Since the initial presentation, the patient had been examined in many hospitals, in which he underwent several resections and received corticosteroids and antibiotics, without any response.

The histopathological aspects of several biopsied nodules were similar and included the presence of vacuoles with multinucleated foreign body giant cells, foamy macrophages, sclerosis of the dermis, and mild inflammatory infiltration of lymphocytes and histiocytes (Fig. S11). Stains for bacteria, fungi, and acid-fast bacilli and cultures were negative.

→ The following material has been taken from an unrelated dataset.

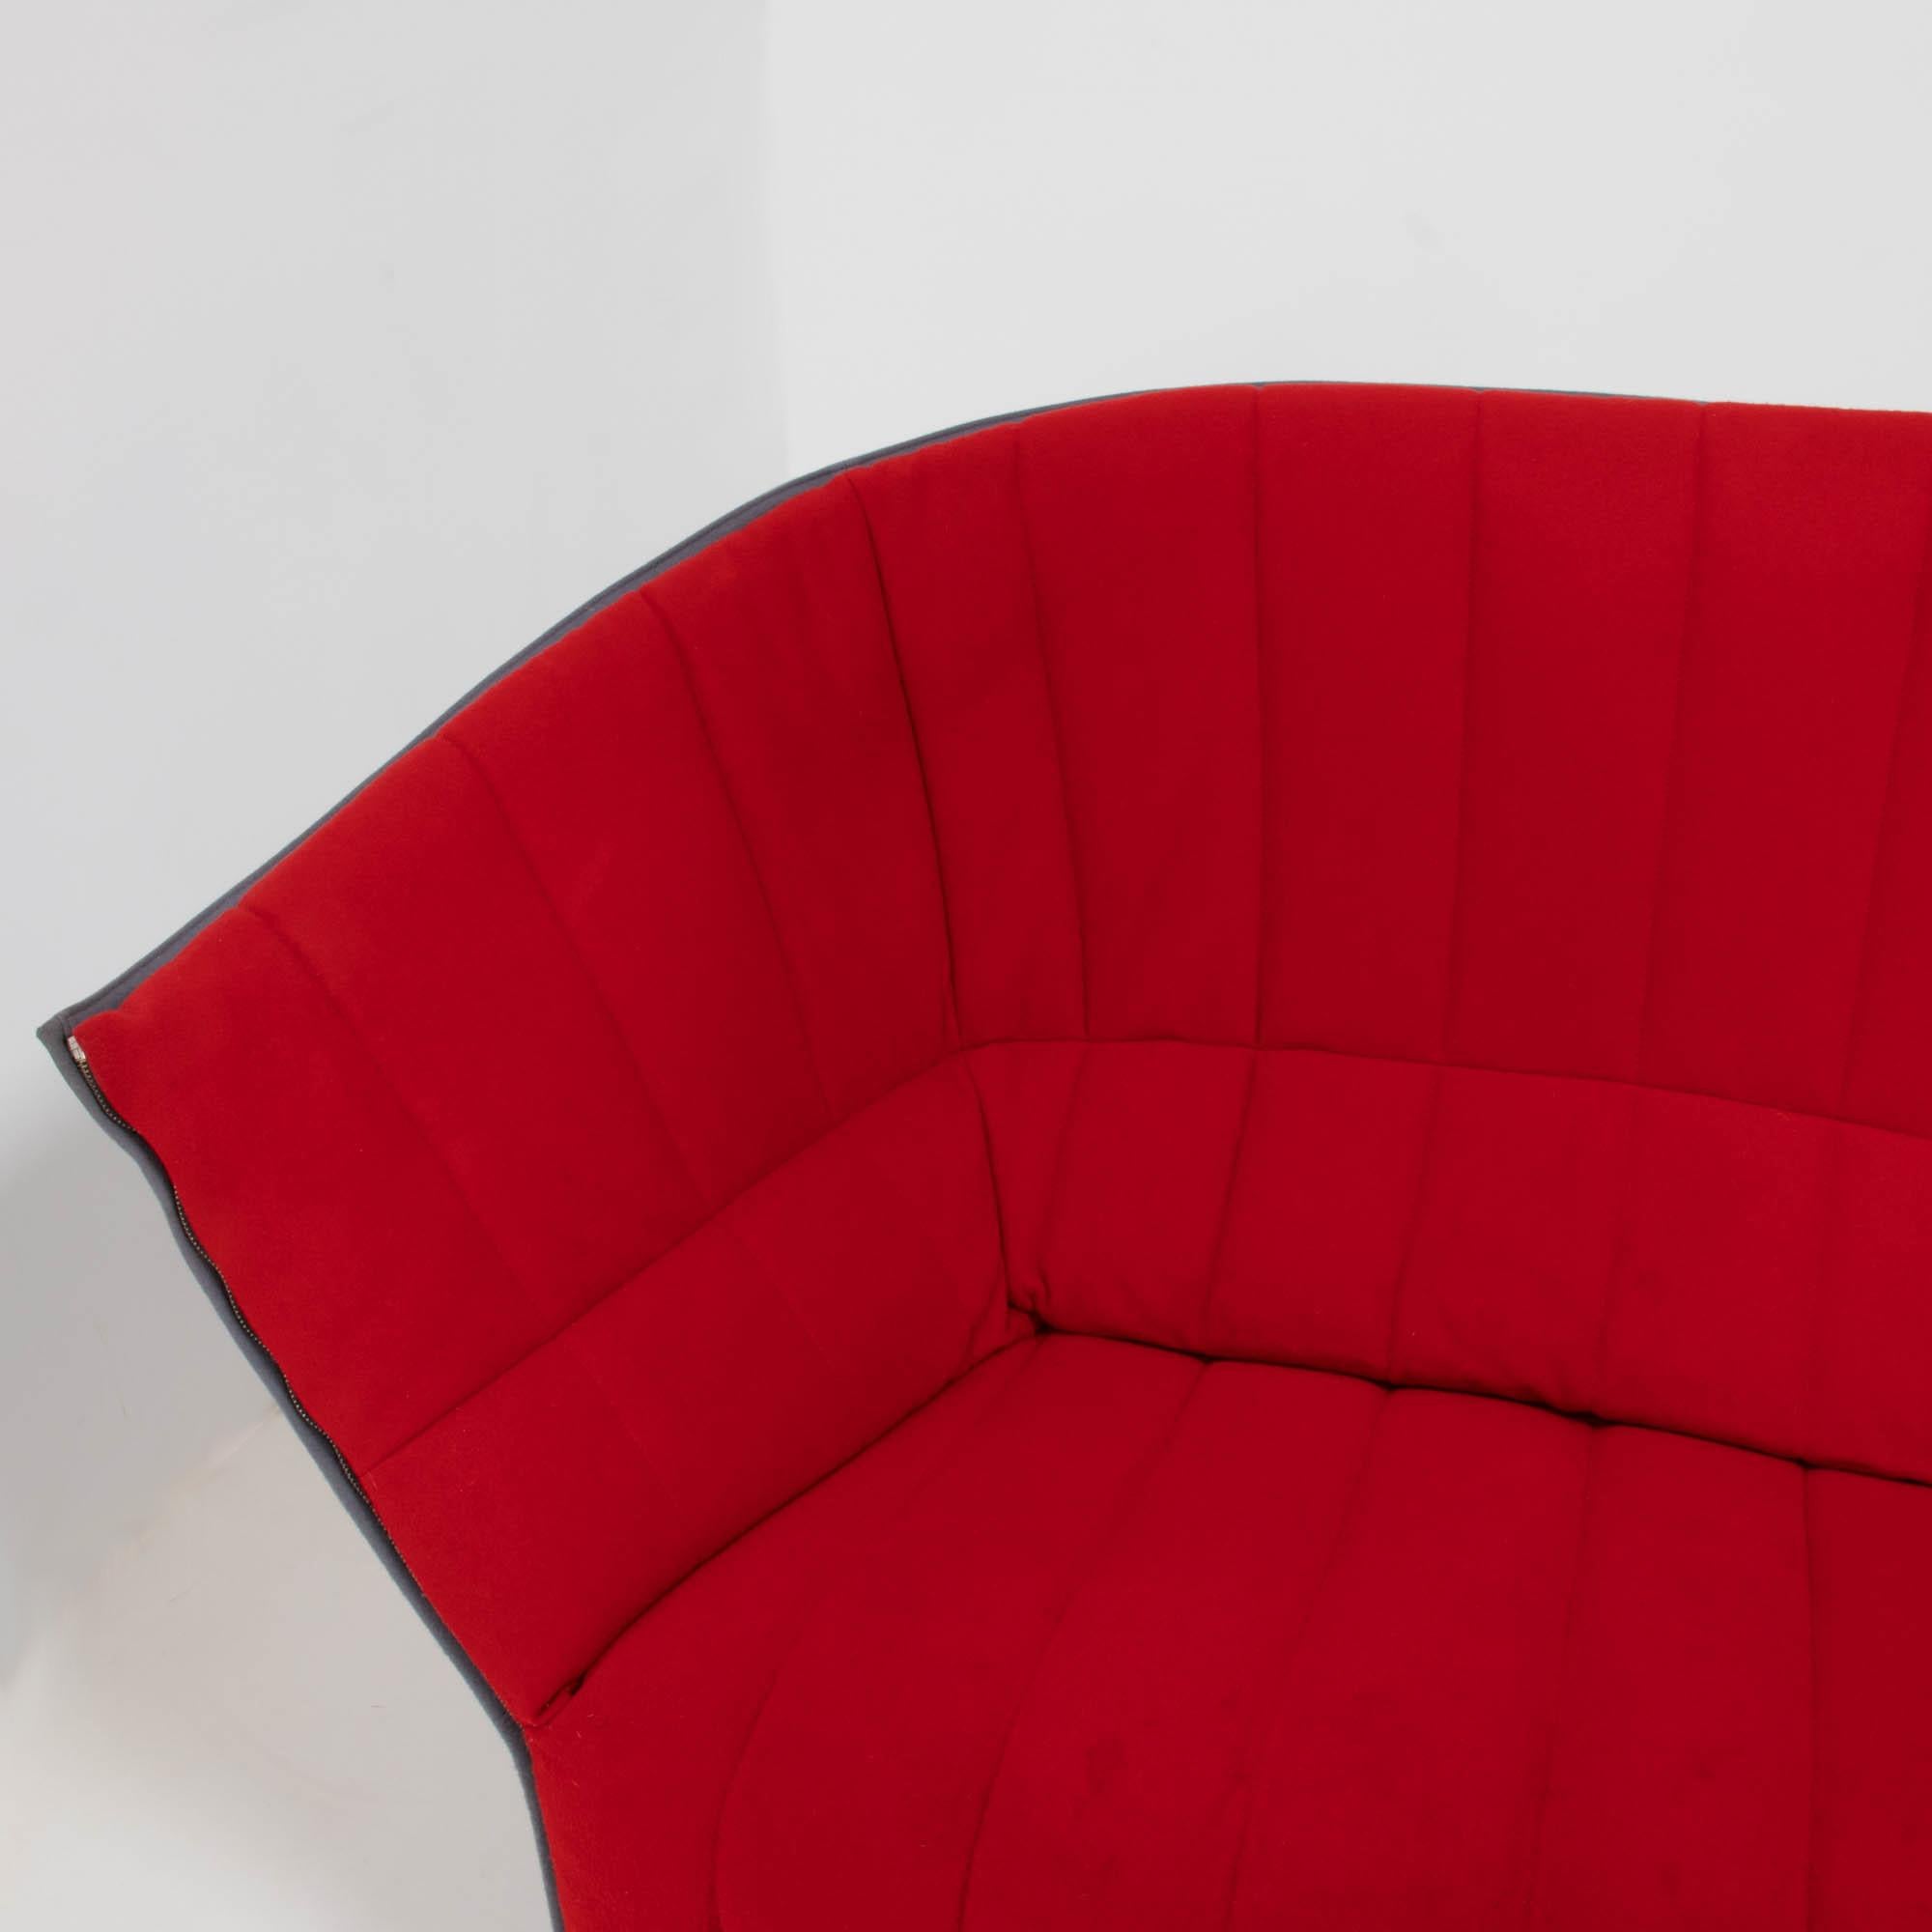 Contemporary Ligne Roset by Inga Sempé Moel Red and Grey Quilted Loveseat Sofa, 2007 For Sale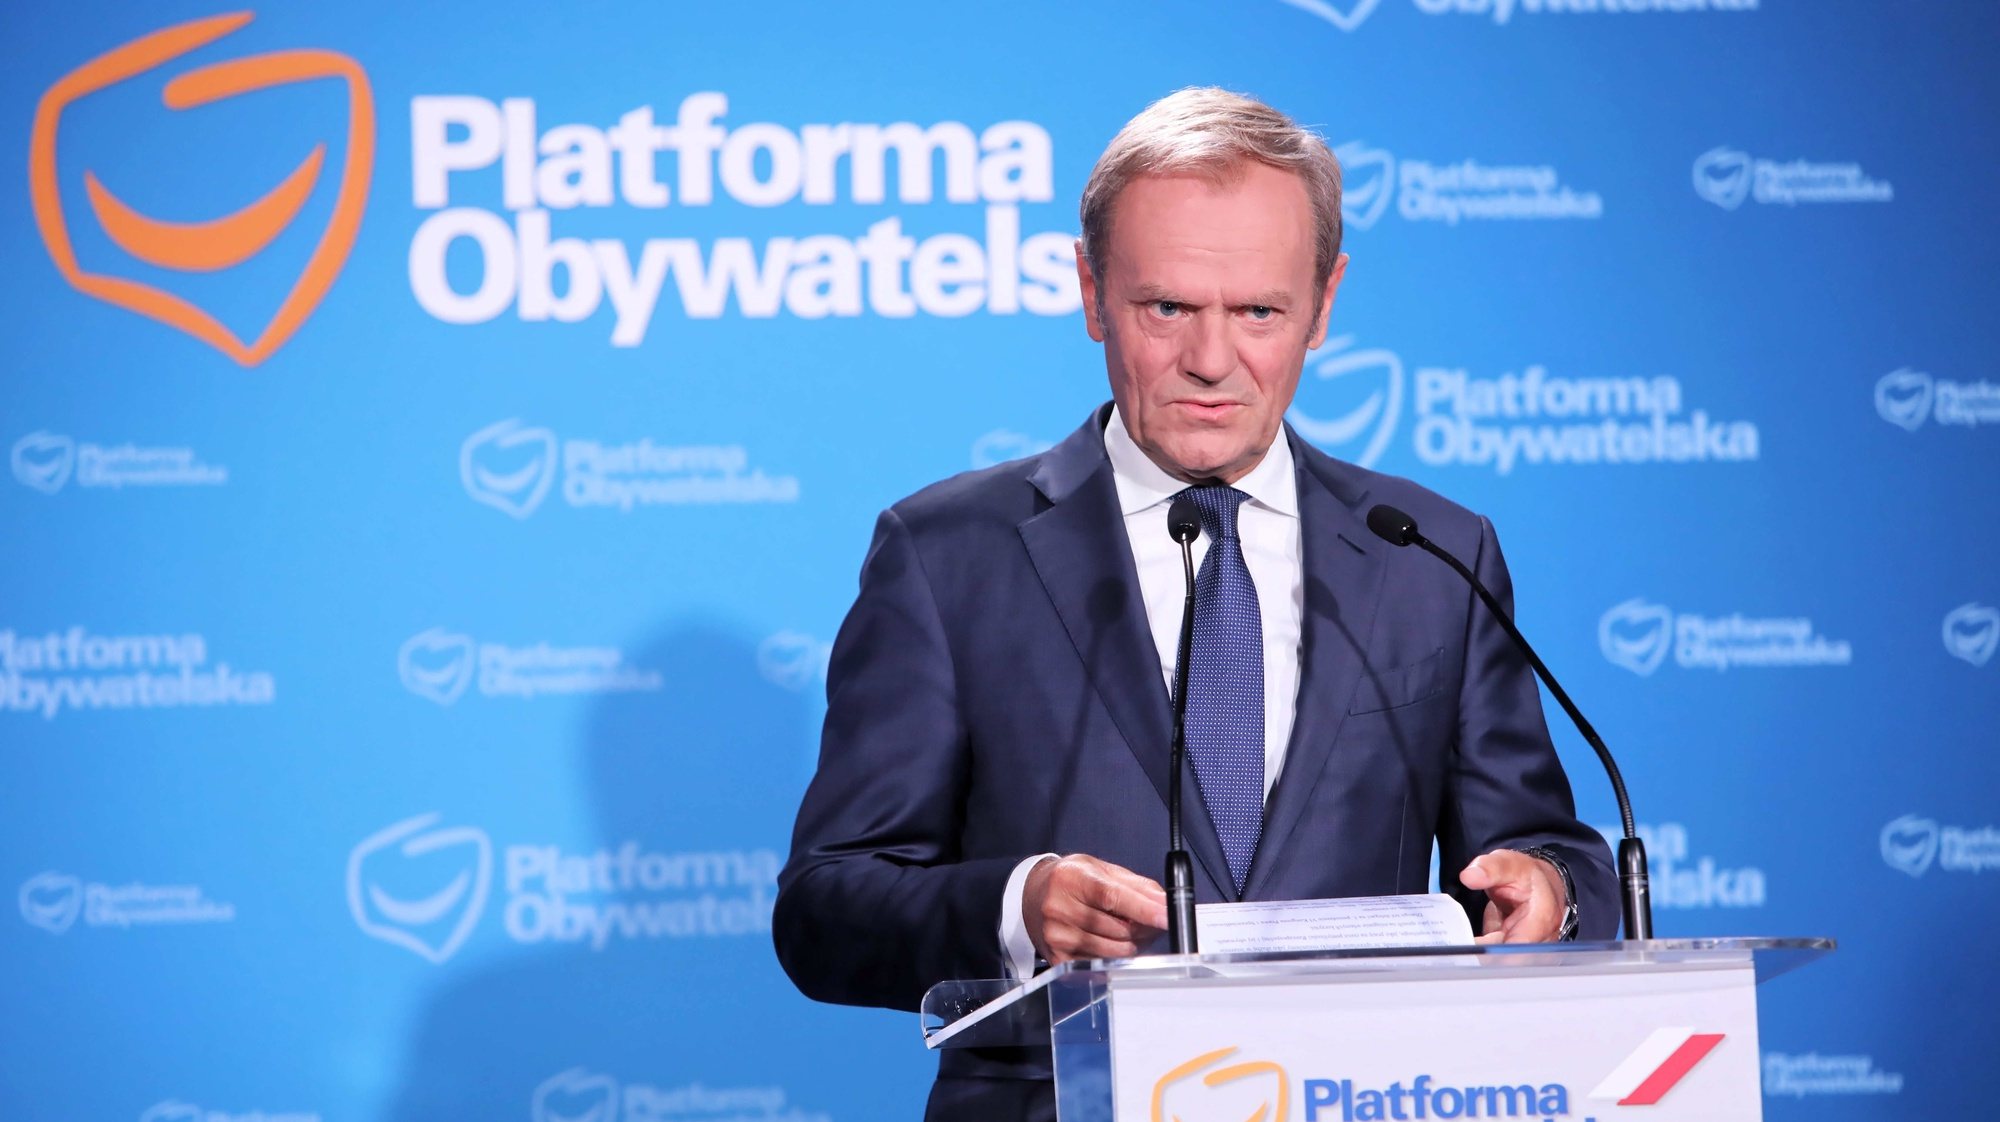 epa09322033 Leader of main opposition party Civic Platform Donald Tusk delivers a speech during a press conference in Warsaw, Poland, 04 July 2021. Tusk became leader of Civic Platform (PO), the main opposition party, following the resignation of Borys Budka on 03 July.  EPA/Wojciech Olkusnik POLAND OUT

Computerized tomography scans revealed thickening and densification of the skin and subcutaneous tissue, with diffuse hyperattenuating linear foci that infiltrated the subcutaneous tissue, corresponding to exogenous substances or calcification. Multiple hypoattenuating signs were interpreted to have resulted from previous inflammation and the presence of gas that permeated the tissues. Nodules and tumors, up to 5 cm in diameter and having similar characteristics, were detected in the lung parenchyma bilaterally, associated with a high number of thoracic lymph nodes (Fig. S21). Bronchoscopy with lung biopsy was then performed, which revealed a foreign body granulomatous reaction.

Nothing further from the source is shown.